■ **Problem description**: The whole listing needs to be restated word for word.

■ **Data records**:

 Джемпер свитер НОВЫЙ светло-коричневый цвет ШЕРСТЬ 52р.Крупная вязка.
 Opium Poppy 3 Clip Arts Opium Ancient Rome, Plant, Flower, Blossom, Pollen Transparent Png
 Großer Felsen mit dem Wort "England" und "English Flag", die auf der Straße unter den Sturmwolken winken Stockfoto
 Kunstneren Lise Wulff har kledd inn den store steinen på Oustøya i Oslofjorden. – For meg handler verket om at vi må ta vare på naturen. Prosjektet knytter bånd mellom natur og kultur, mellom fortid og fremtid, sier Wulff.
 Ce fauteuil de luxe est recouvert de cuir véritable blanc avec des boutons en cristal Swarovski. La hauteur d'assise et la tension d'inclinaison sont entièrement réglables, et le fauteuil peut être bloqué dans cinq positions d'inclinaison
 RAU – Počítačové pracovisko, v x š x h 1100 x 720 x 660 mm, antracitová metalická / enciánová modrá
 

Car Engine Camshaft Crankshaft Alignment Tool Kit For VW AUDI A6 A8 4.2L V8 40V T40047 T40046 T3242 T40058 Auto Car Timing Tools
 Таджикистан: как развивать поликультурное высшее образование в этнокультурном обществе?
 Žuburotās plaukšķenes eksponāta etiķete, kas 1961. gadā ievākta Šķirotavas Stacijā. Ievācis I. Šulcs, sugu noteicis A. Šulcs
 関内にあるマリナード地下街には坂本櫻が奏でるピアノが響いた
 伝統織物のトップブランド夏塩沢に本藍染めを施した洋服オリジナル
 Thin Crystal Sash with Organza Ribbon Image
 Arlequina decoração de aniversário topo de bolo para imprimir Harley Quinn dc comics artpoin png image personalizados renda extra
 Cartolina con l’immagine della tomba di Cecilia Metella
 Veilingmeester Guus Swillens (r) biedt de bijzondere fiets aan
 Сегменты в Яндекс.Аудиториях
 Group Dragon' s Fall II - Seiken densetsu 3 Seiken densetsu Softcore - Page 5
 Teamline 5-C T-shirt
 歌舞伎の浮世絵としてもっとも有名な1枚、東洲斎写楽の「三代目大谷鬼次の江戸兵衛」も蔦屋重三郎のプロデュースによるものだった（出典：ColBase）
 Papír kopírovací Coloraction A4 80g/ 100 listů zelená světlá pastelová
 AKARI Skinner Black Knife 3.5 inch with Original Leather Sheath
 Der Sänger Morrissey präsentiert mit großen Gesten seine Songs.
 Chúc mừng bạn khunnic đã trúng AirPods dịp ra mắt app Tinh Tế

■ **Your response**:
 Джемпер свитер НОВЫЙ светло-коричневый цвет ШЕРСТЬ 52р.Крупная вязка.
 Opium Poppy 3 Clip Arts Opium Ancient Rome, Plant, Flower, Blossom, Pollen Transparent Png
 Großer Felsen mit dem Wort "England" und "English Flag", die auf der Straße unter den Sturmwolken winken Stockfoto
 Kunstneren Lise Wulff har kledd inn den store steinen på Oustøya i Oslofjorden. – For meg handler verket om at vi må ta vare på naturen. Prosjektet knytter bånd mellom natur og kultur, mellom fortid og fremtid, sier Wulff.
 Ce fauteuil de luxe est recouvert de cuir véritable blanc avec des boutons en cristal Swarovski. La hauteur d'assise et la tension d'inclinaison sont entièrement réglables, et le fauteuil peut être bloqué dans cinq positions d'inclinaison
 RAU – Počítačové pracovisko, v x š x h 1100 x 720 x 660 mm, antracitová metalická / enciánová modrá
 

Car Engine Camshaft Crankshaft Alignment Tool Kit For VW AUDI A6 A8 4.2L V8 40V T40047 T40046 T3242 T40058 Auto Car Timing Tools
 Таджикистан: как развивать поликультурное высшее образование в этнокультурном обществе?
 Žuburotās plaukšķenes eksponāta etiķete, kas 1961. gadā ievākta Šķirotavas Stacijā. Ievācis I. Šulcs, sugu noteicis A. Šulcs
 関内にあるマリナード地下街には坂本櫻が奏でるピアノが響いた
 伝統織物のトップブランド夏塩沢に本藍染めを施した洋服オリジナル
 Thin Crystal Sash with Organza Ribbon Image
 Arlequina decoração de aniversário topo de bolo para imprimir Harley Quinn dc comics artpoin png image personalizados renda extra
 Cartolina con l’immagine della tomba di Cecilia Metella
 Veilingmeester Guus Swillens (r) biedt de bijzondere fiets aan
 Сегменты в Яндекс.Аудиториях
 Group Dragon' s Fall II - Seiken densetsu 3 Seiken densetsu Softcore - Page 5
 Teamline 5-C T-shirt
 歌舞伎の浮世絵としてもっとも有名な1枚、東洲斎写楽の「三代目大谷鬼次の江戸兵衛」も蔦屋重三郎のプロデュースによるものだった（出典：ColBase）
 Papír kopírovací Coloraction A4 80g/ 100 listů zelená světlá pastelová
 AKARI Skinner Black Knife 3.5 inch with Original Leather Sheath
 Der Sänger Morrissey präsentiert mit großen Gesten seine Songs.
 Chúc mừng bạn khunnic đã trúng AirPods dịp ra mắt app Tinh Tế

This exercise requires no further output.